-------- Data provided

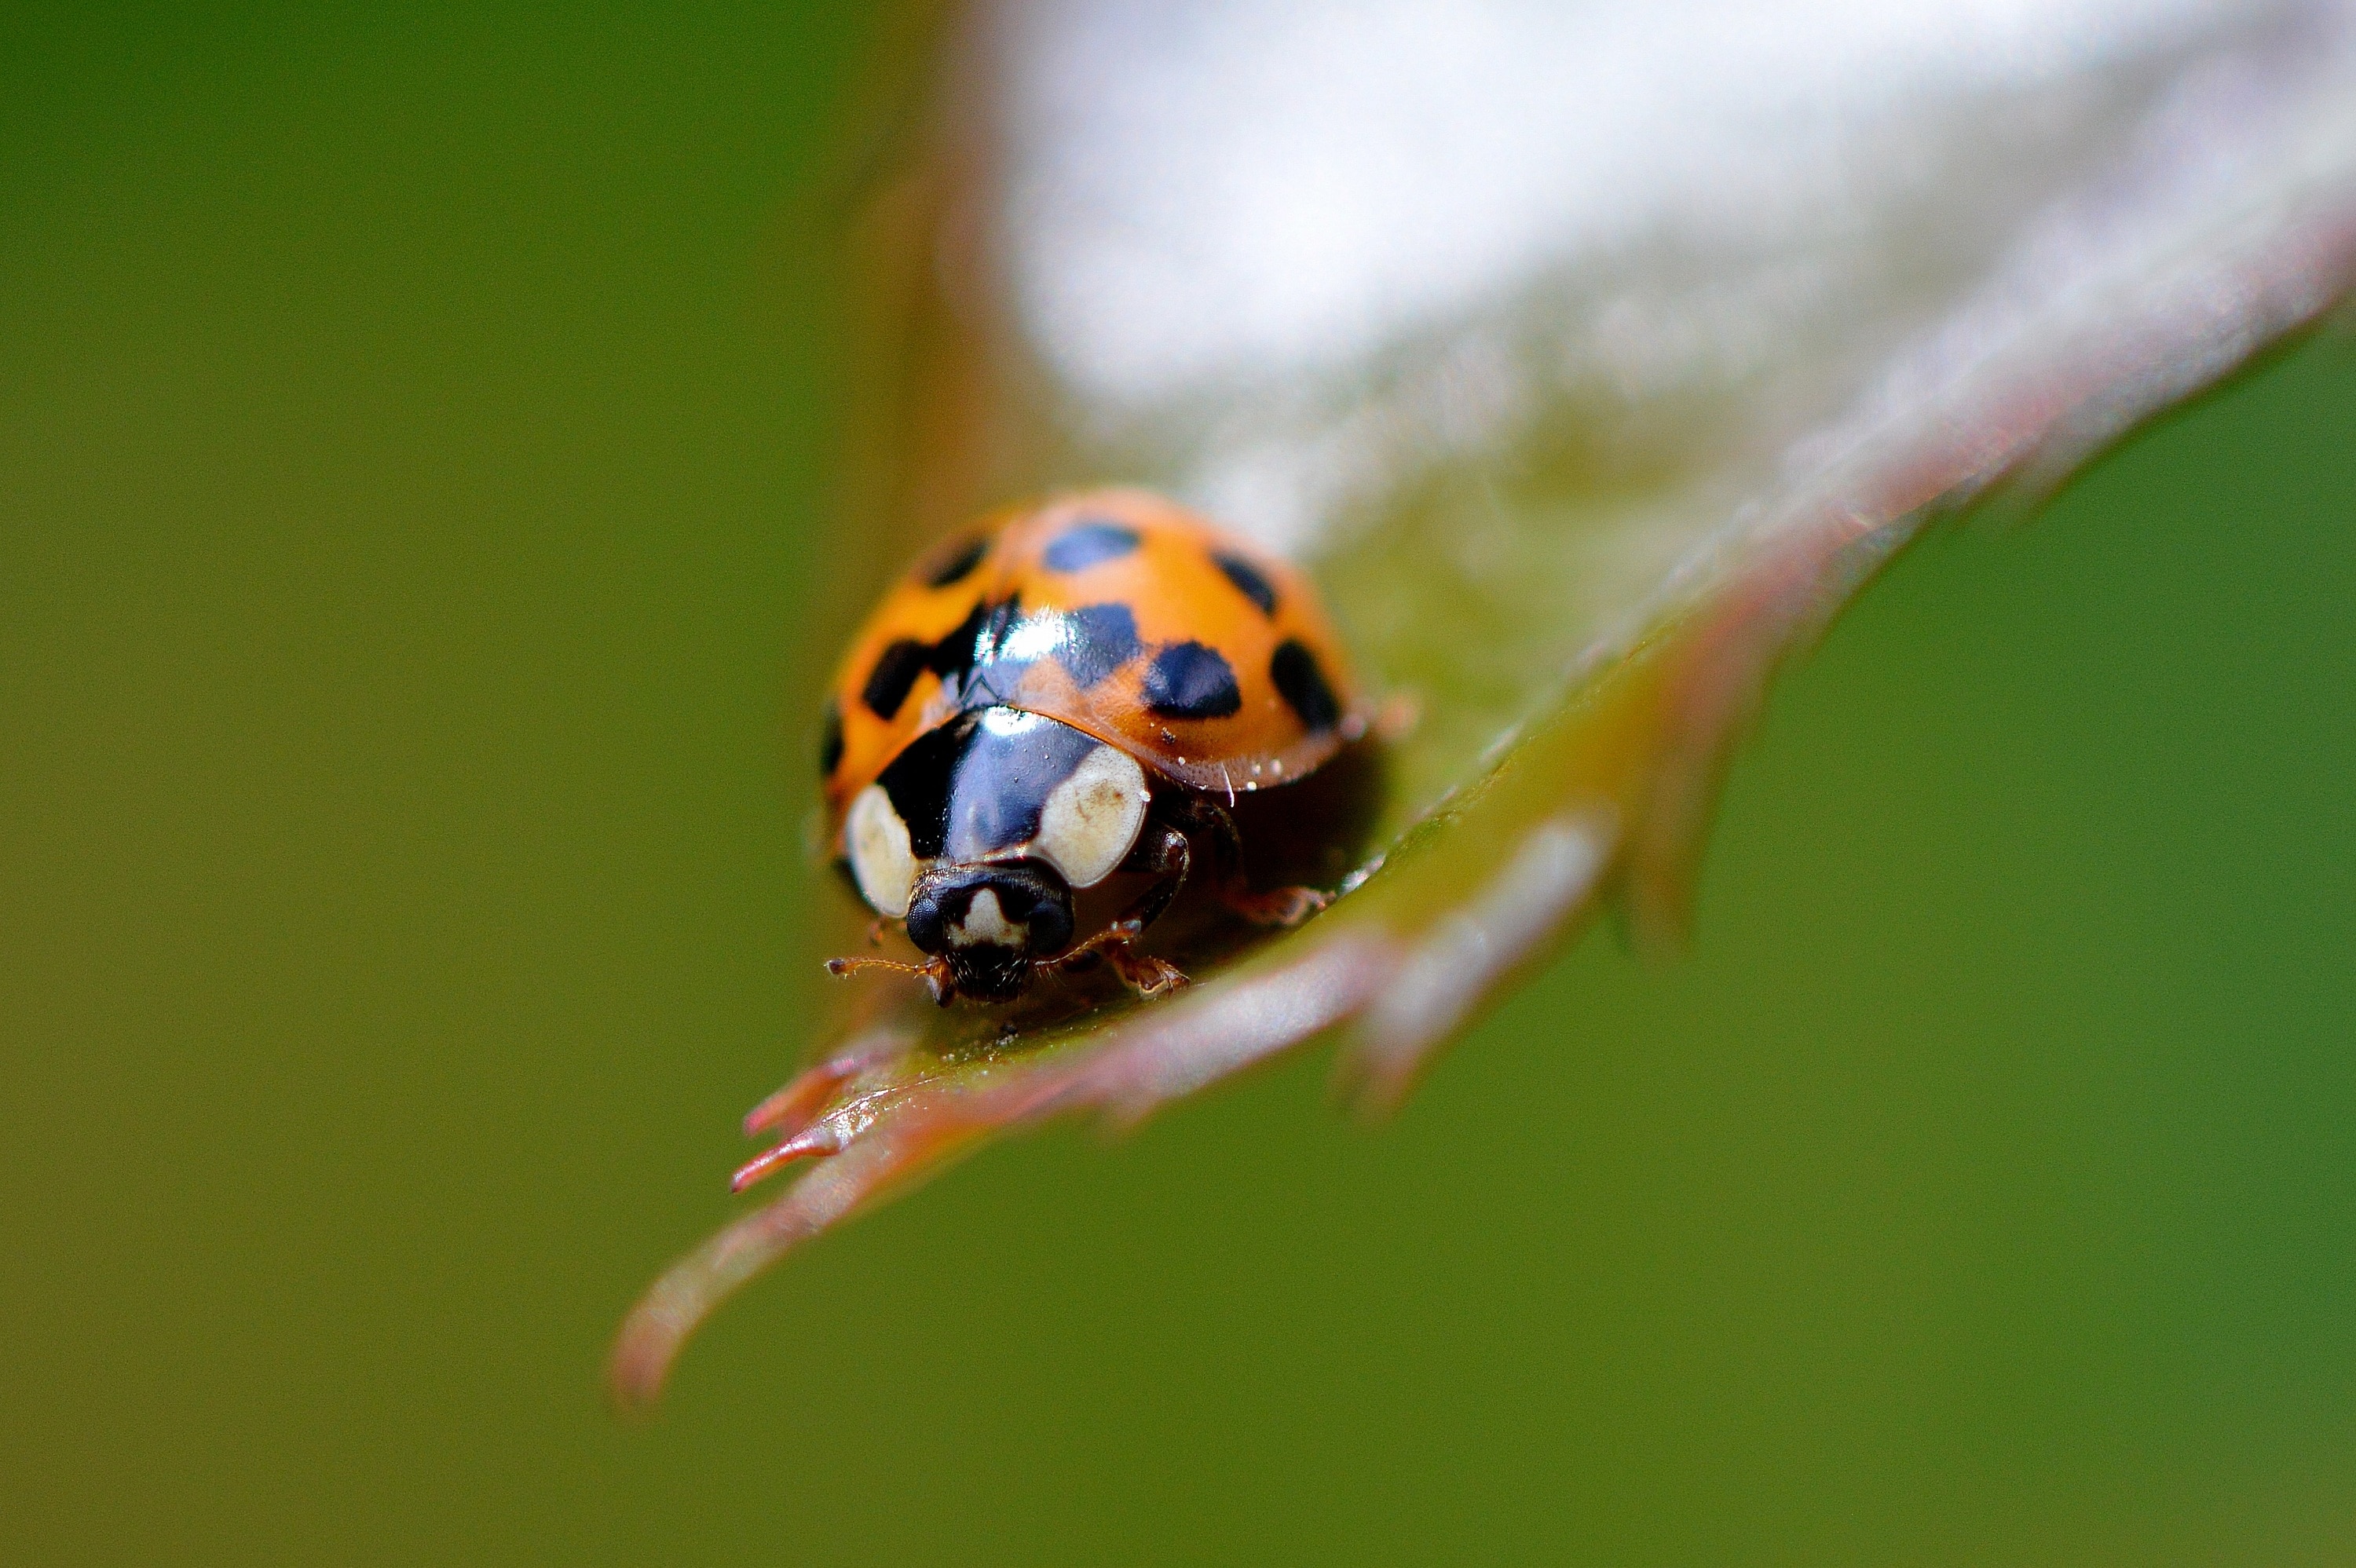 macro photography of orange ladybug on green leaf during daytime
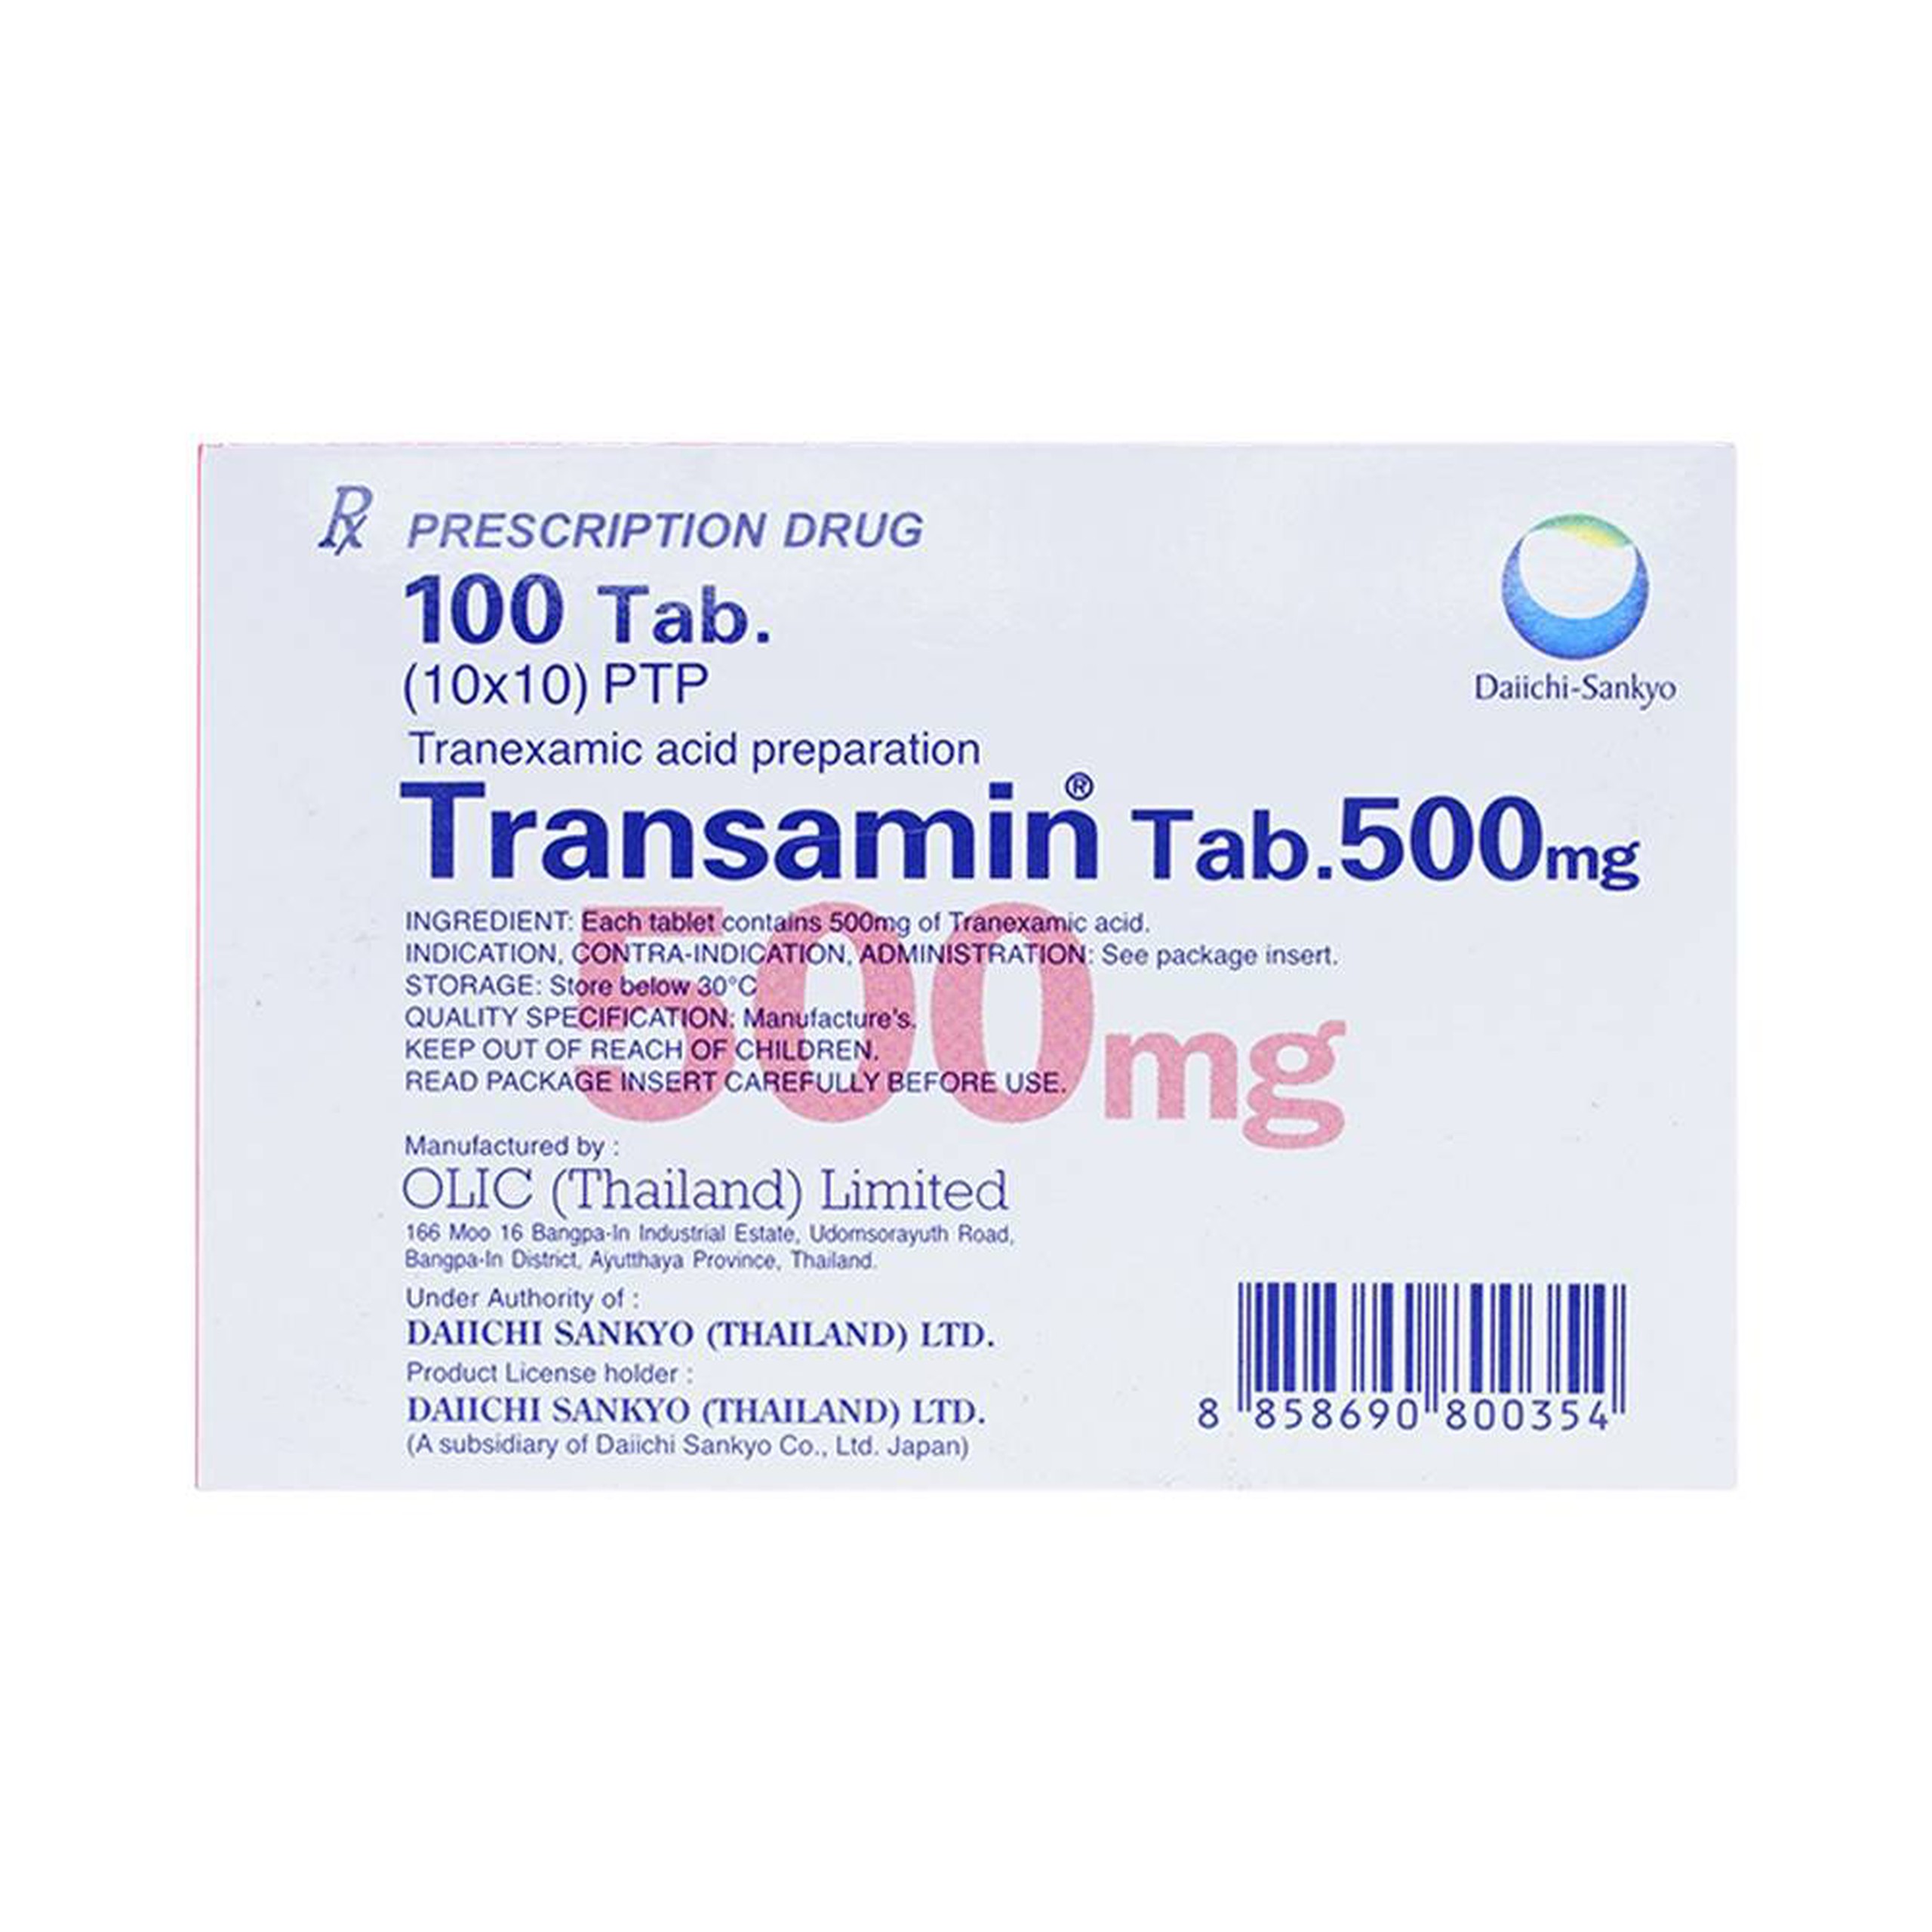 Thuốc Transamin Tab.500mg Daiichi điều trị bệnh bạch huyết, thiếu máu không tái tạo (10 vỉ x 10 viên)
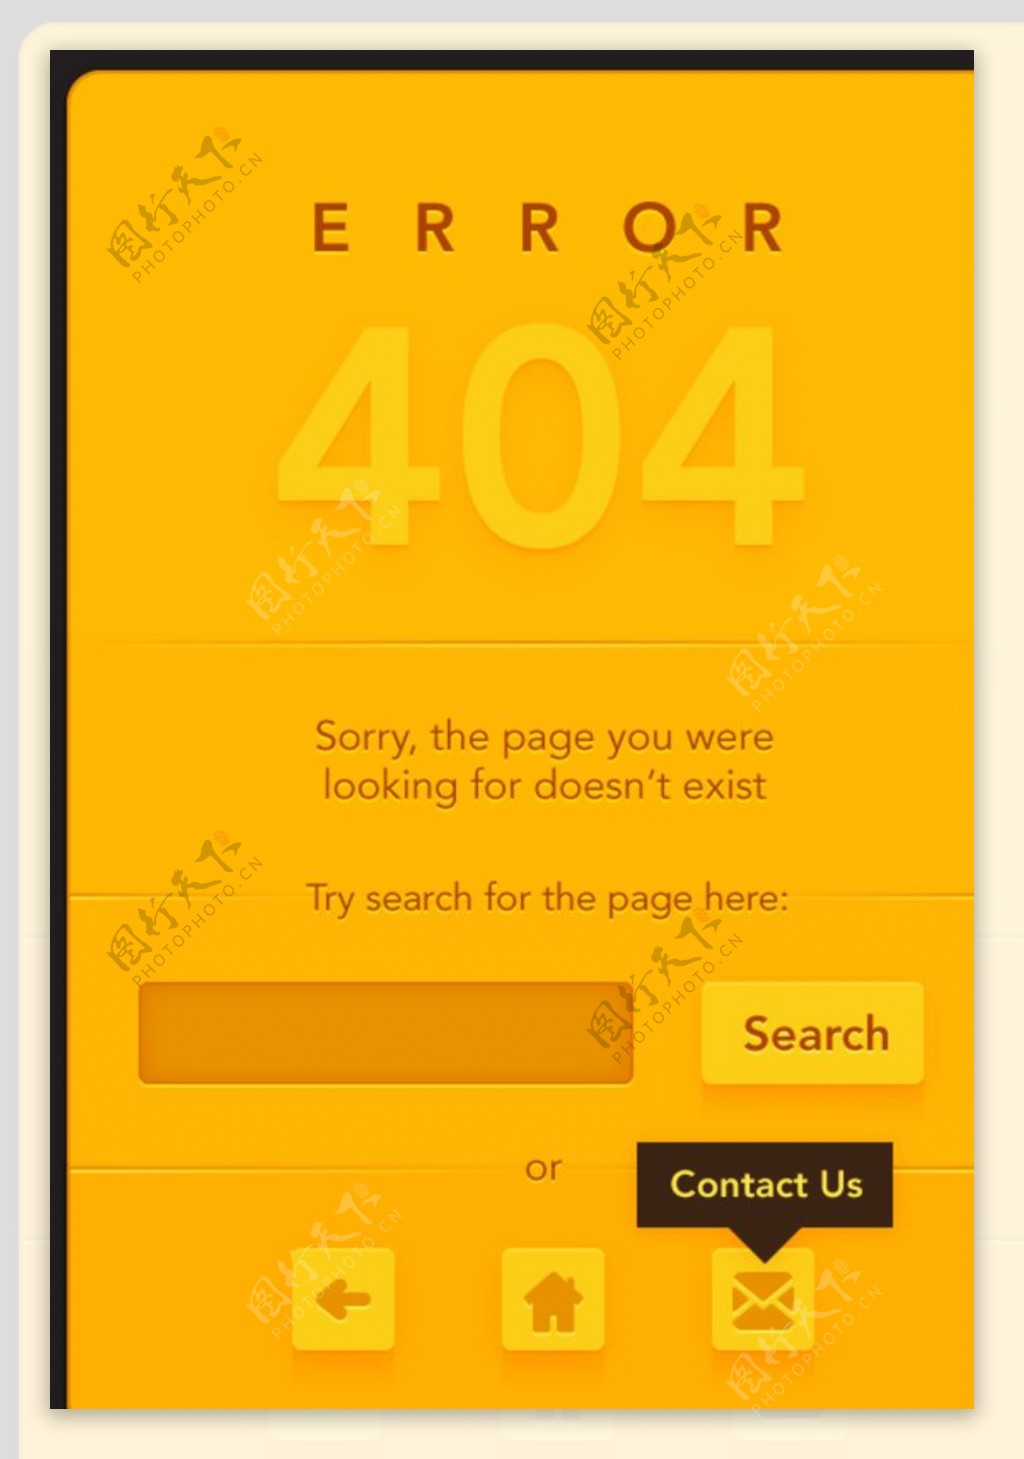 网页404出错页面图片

----------------

* **Problem description**
Give an exact copy of the data, and omit any pictures it holds.

* **Response to this exercise**
 macro photography of orange ladybug on green leaf during daytime
 Thuốc Transamin Tab.500mg Daiichi điều trị bệnh bạch huyết, thiếu máu không tái tạo (10 vỉ x 10 viên)
 网页404出错页面图片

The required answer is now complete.